5. Conclusions and Future Work
This paper addresses the cost–efficiency trade-off and complex constraint-solving challenges in cloud server computing resource scheduling, proposing a unified monetized single-objective modeling and DI-WOA solution framework. This framework achieves dimensionality reduction via discrete–continuous divide-and-conquer and a closed-form frequency step; simultaneously, the three-layer structure of “discrete genes–real-valued encoding–decoder” better exploits the modeling structure and reduces search variable dimensionality, improving the algorithm’s ability to search for elite feasible solutions.

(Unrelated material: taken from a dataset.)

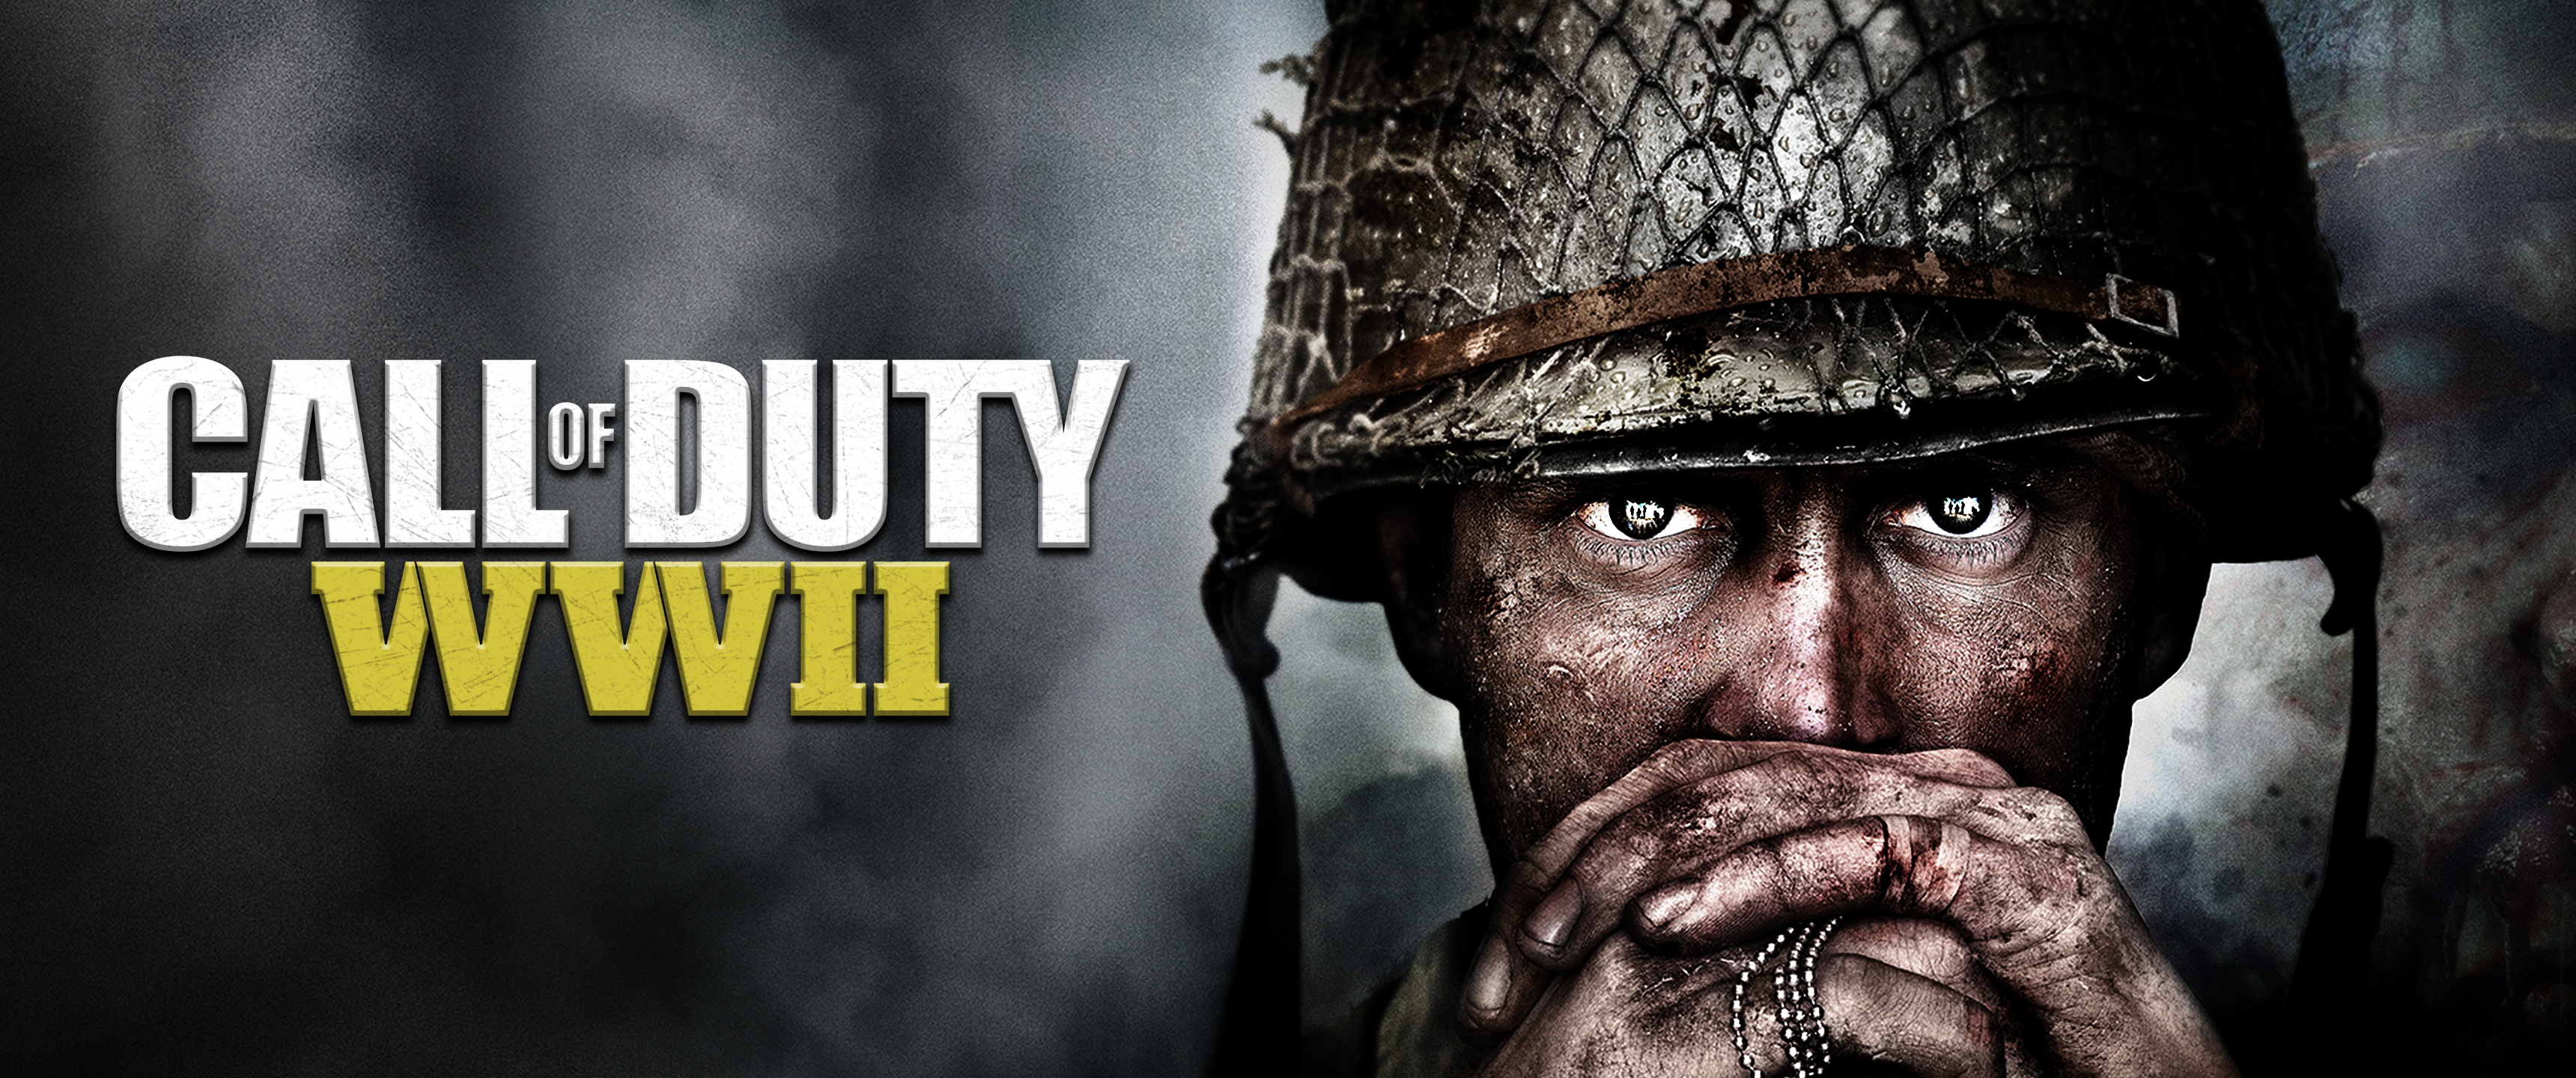 Call Of Duty Wwii Wallpapers Hd Resolution On Hd Wallpaper - Call Of Duty Wallpaper Ww2 - HD Wallpaper 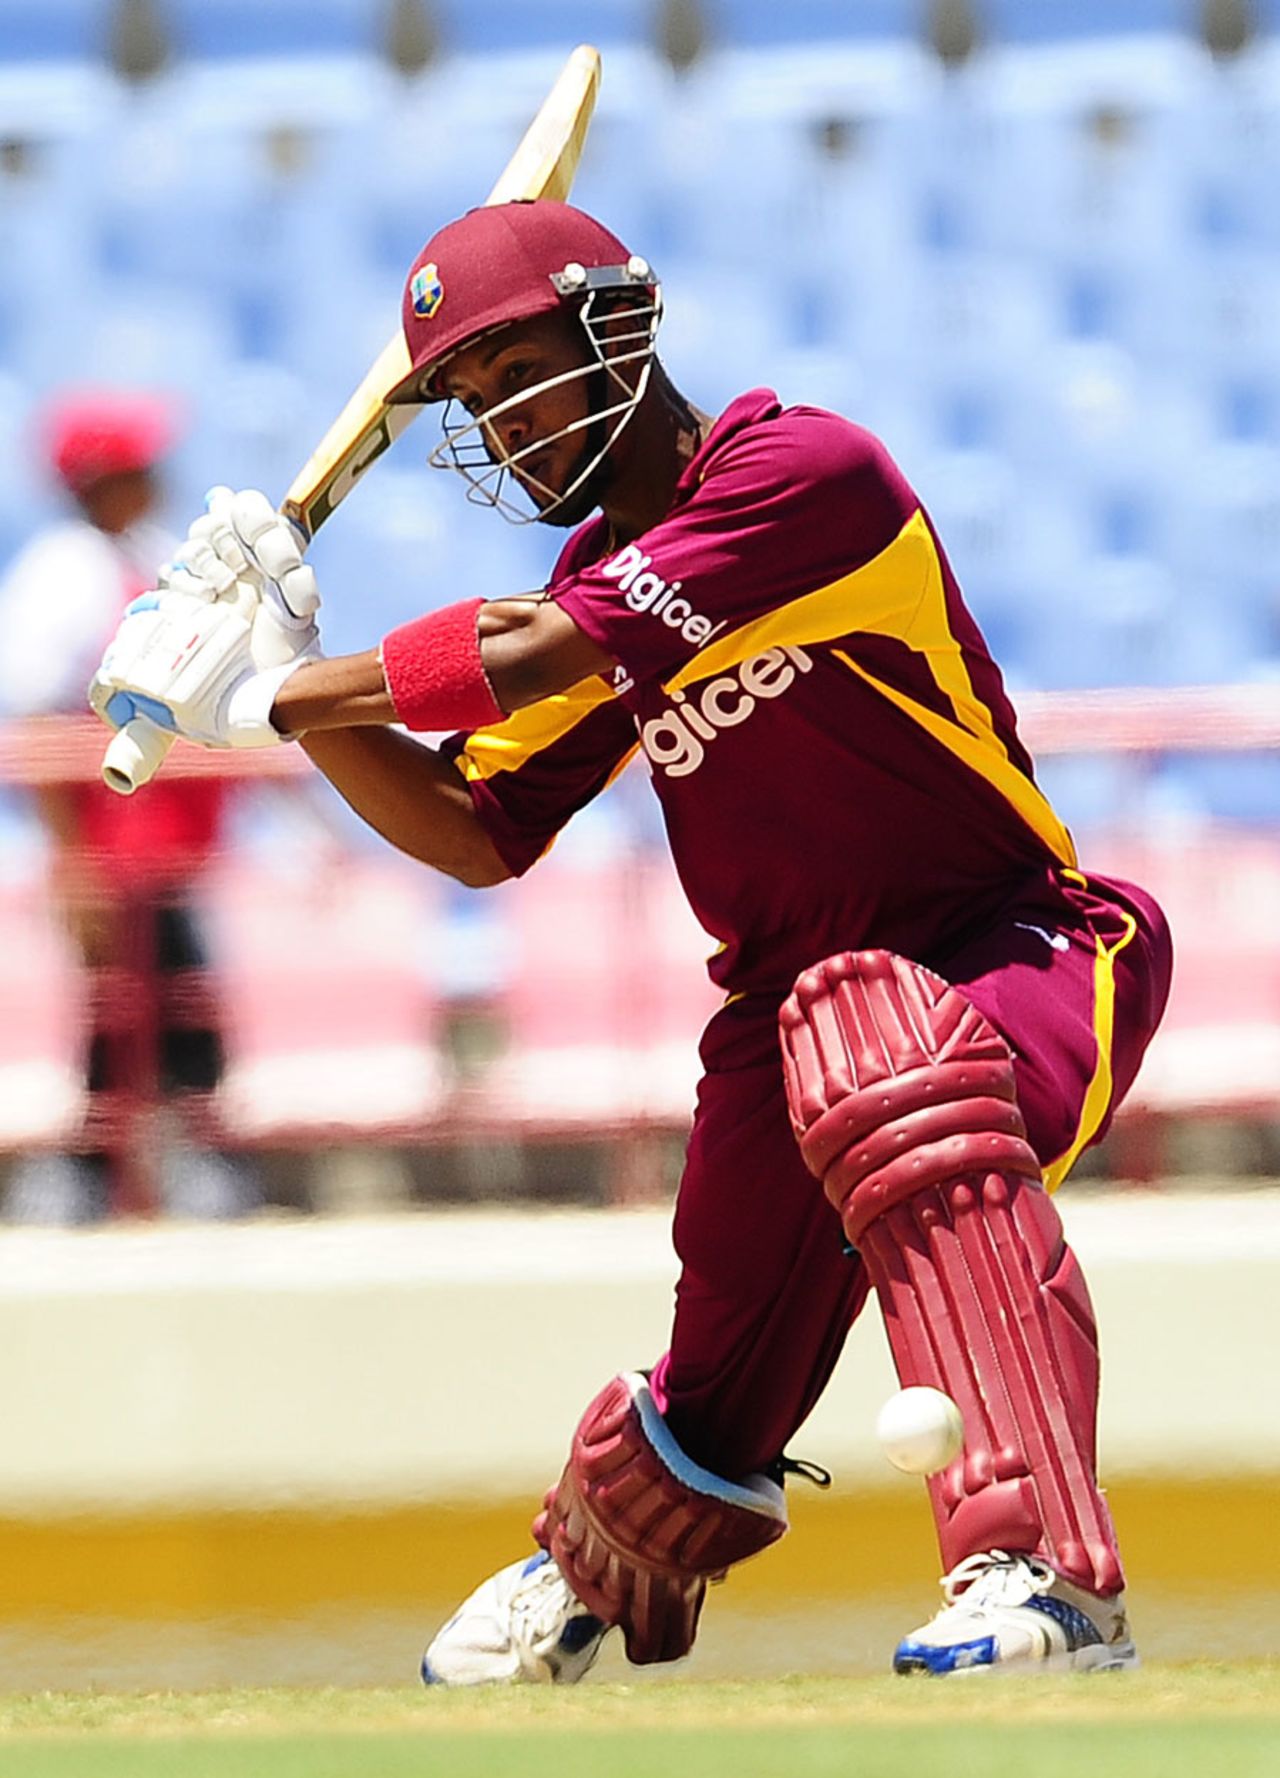 Lendl Simmons prepares to play an aggressive stroke, West Indies v Pakistan, 2nd ODI, Gros Islet, April 25, 2011

From a symmetry/asymmetry viewpoint, the unified monetization mechanism provides a scale-consistent objective for cross-scenario comparison, the encoding–decoding structure implicitly reduces redundant symmetric representations induced by interchangeable resources, and the enhanced Lagrange dual-rollback mechanism introduces beneficial asymmetry via adaptive congestion prices to guide feasibility restoration under soft constraints. The experimental results show that under baseline settings, the DI-WOA reduces the final OBJ by 8.33% compared to the baseline WOA; in multi-load generalization experiments, the DI-WOA’s mean OBJ is optimal in all scenarios for H = 3/4, leading the sub-optimal algorithm by up to 13.85%, verifying the effectiveness and stability of the proposed method under the unified bill cost objective. For large-scale H scenarios, hierarchical and symmetry-aware encoding (e.g., canonicalization over homogeneous host groups) and adaptive iteration budget/population size strategies can be utilized to control search difficulties arising from high-dimensional discrete space;
While the DI-WOA demonstrates stable performance on static instances and within limited-scale settings, it is imperative to acknowledge the inherent limitations of this framework. These limitations stem from the unpredictability and variability of real-world application scenarios, representing common shortcomings of heuristic algorithms. Specific limitations include:
The unified monetization mechanism necessitates converting physical quantities of different dimensions into a single “bill cost,” which heavily relies on scenario-specific “conversion rates” and lacks universality for arbitrary contexts;
The objective function modeling assumes static/known pricing signals (e.g., energy/carbon prices), making it difficult to adapt to scenarios with time-varying prices;
The modeling presupposes offline instances with full prior knowledge of all task parameters (e.g., arrival times, deadlines, and workloads), rendering it unsuitable for volatile scenarios involving dynamically arriving or cancelled tasks.
Building upon the aforementioned three shortcomings, future work will focus on developing a general-purpose monetization calibration mechanism adaptable to the cost characteristics of diverse scenarios. Furthermore, it will explore extending offline scheduling to online horizons by integrating techniques from the reinforcement learning domain and neural networks for stochastic price prediction and dynamic task handling.